When I was an Eastern student, the library was a run-down repository of books older than the statue of old man Fields that stood in front of it. I had once asked one of the librarians where the contemporary novels were and she told me, in very frosty tones, that the library was intended for serious research, not pleasure reading.
As an English major, I had spent many hours in the dusty stacks, searching for research material. Once I returned to Eastern, though, I discovered that the electronic revolution had finally reached Leighville, and the bulk of the collection had been digitized. The old wooden card catalogs had been replaced by sleek metal tables lined with desktop computers, and most of the rows of study carrels now had computers as well. I found one in a back corner and slid into the chair.
All the public computers are automatically logged into the Eastern network under a Guest ID. So short of dusting the keyboard for my fingerprints, there was no way Verri could tie what I was doing in to me personally.
I did a quick Internet search for Freezer Burn, and came up with thousands of hits. The most interesting was a blog called “ihatefreezerburn” which had attracted a lot of comments, mostly from students at colleges that had instituted the software. As an English teacher, it was almost painful for me to read through their ungrammatical, misspelled rants, but one thing was clear: students detested the software.
Not for the obvious reasons—that it might block their access to social networks or personal email. No, they hated it because it caused camp
us computers to freeze on a regular basis, often in the middle of exams or while a student was trying to research and write a paper. It seemed that no matter how powerful the computer or stable the network, Freezer Burn managed to do something to screw things up.
Why use it, then? I navigated my way to the corporate website. Freezer Burn was an independent start-up company, run by a couple of IT wizards who had cut their teeth at Microsoft and Apple. The video explaining the software had high production values, and I could see how someone might be seduced. It looked like they were preying on fear, promising system administrators that Freezer Burn would reduce vulnerability to hackers and viruses, protecting student data and network integrity.
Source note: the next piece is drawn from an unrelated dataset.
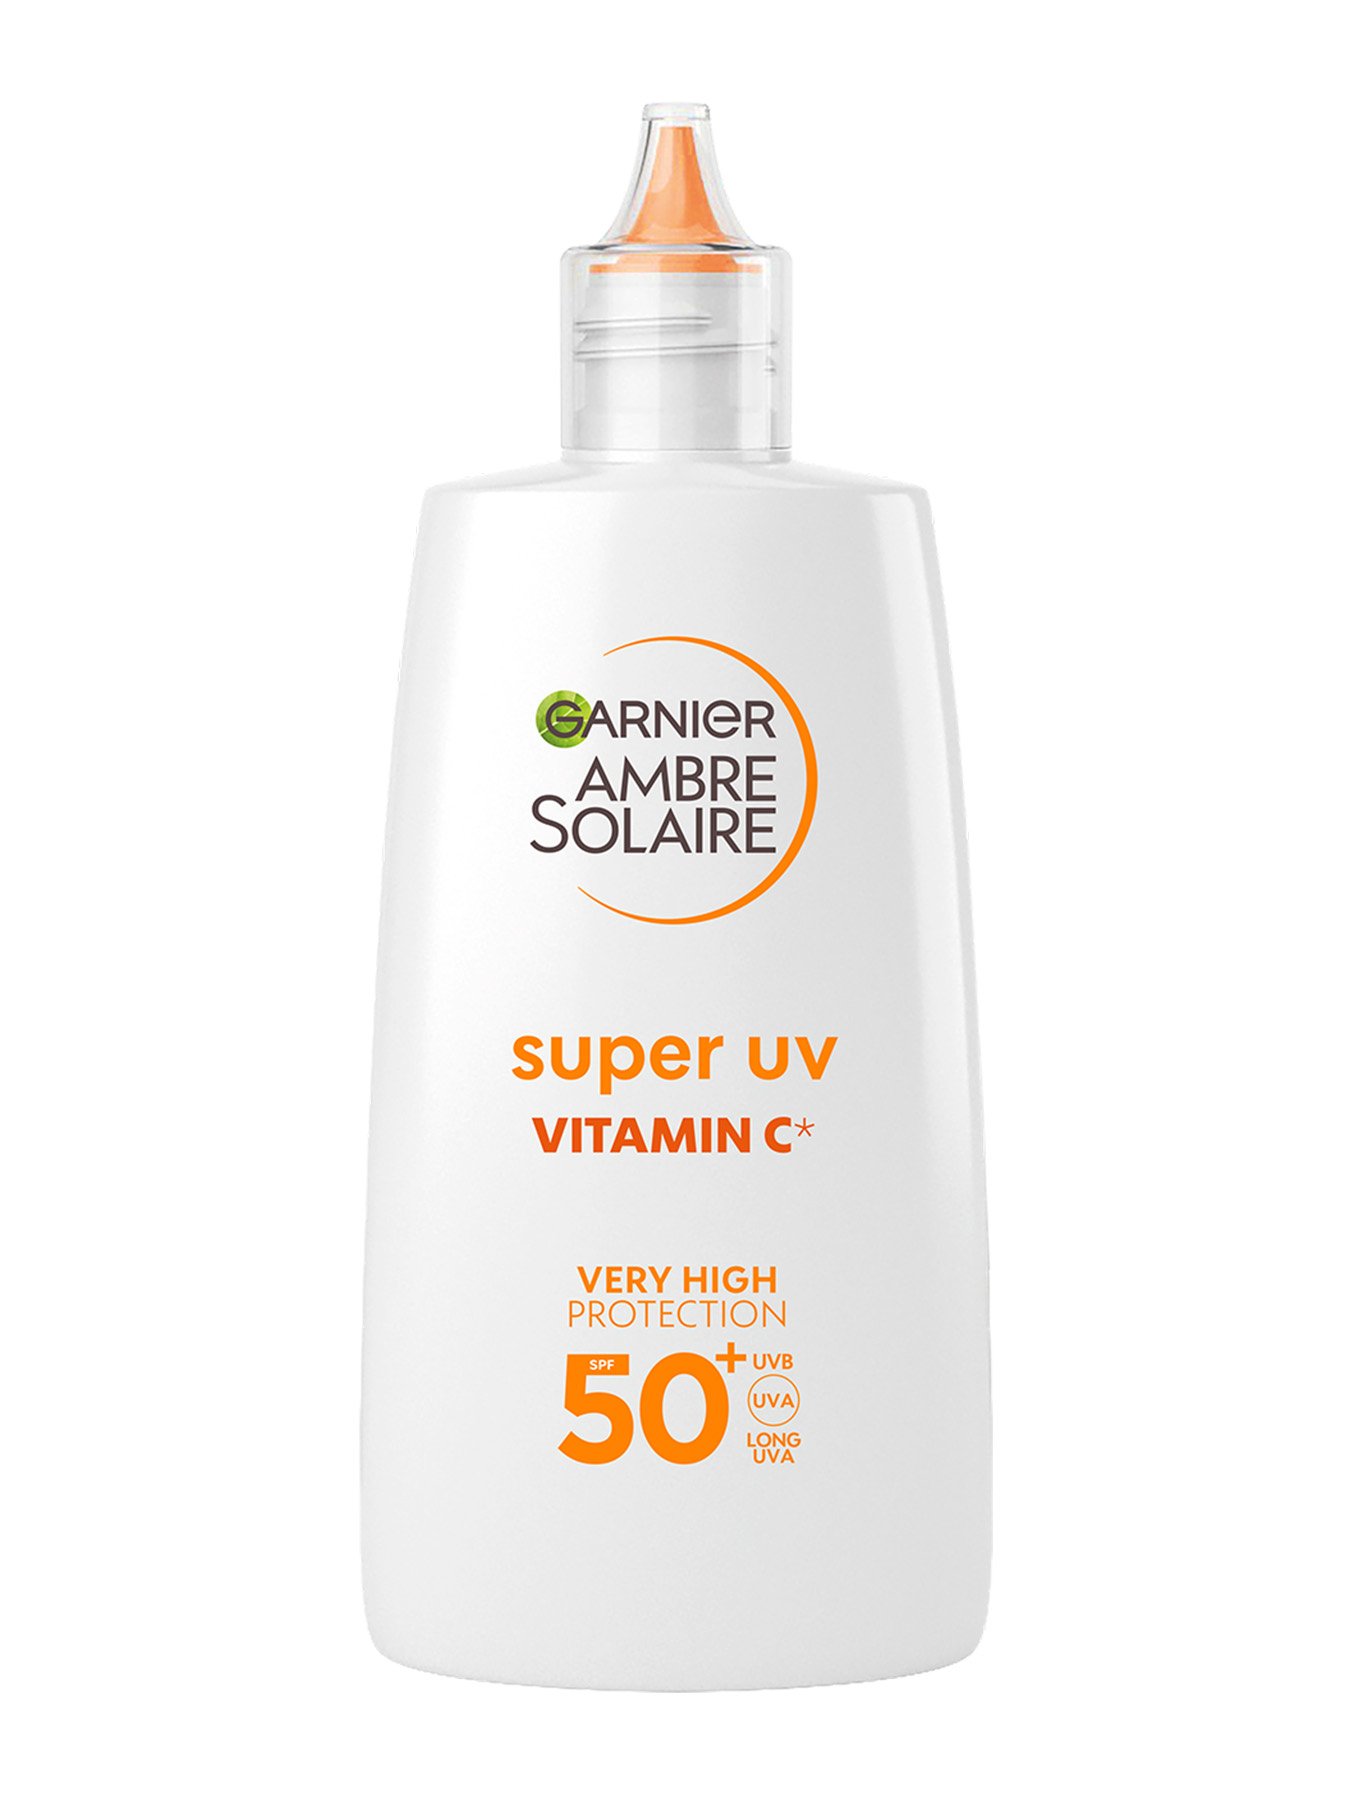 Garnier Ambre Solaire dnevni fluid protiv tamnih mrlja s vitaminom C* i vrlo visokom UV zaštitom SPF 50+

One warning flag to me was that they were only on release 2.02. I knew that meant it was only the second patch, or revision, to the second version of the software. I couldn’t imagine how anything so new could manage to negotiate with the wide variety of hardware and software you’d find on a college campus—everything from the homemade programs the math department used to format equations to the sophisticated databases that managed registration and grade processing. I knew from experience that the computers on the Eastern campus were a patchwork of older and newer models, both PC and Mac, with a range of operating software and peripheral equipment. Every time Microsoft comes out with a new edition of Windows, people complain that their older printers and other equipment are left behind because the developers didn’t bother to build in the capability to work with those older, nearly obsolete pieces of equipment. I had the feeling that problem would be even worse with a new company like Freezer Burn, which wouldn’t have the resources to devote to tracking down every old piece of software and hardware out there.
I rebooted before I left the library. One good thing about Freezer Burn was that it would erase my browsing history on that computer. It was almost lunchtime, so on my way back to Fields Hall I picked up a roast beef hoagie. I had missed those big, beefy sandwiches when I lived in New York and California; nobody makes them the way they do in Philly and its suburbs. I liked my hoagies on a fresh-baked crusty Italian-style roll, layered with Russian dressing, shredded lettuce, sliced tomatoes, and thin sheets of rare roast beef. Heaven on a bun.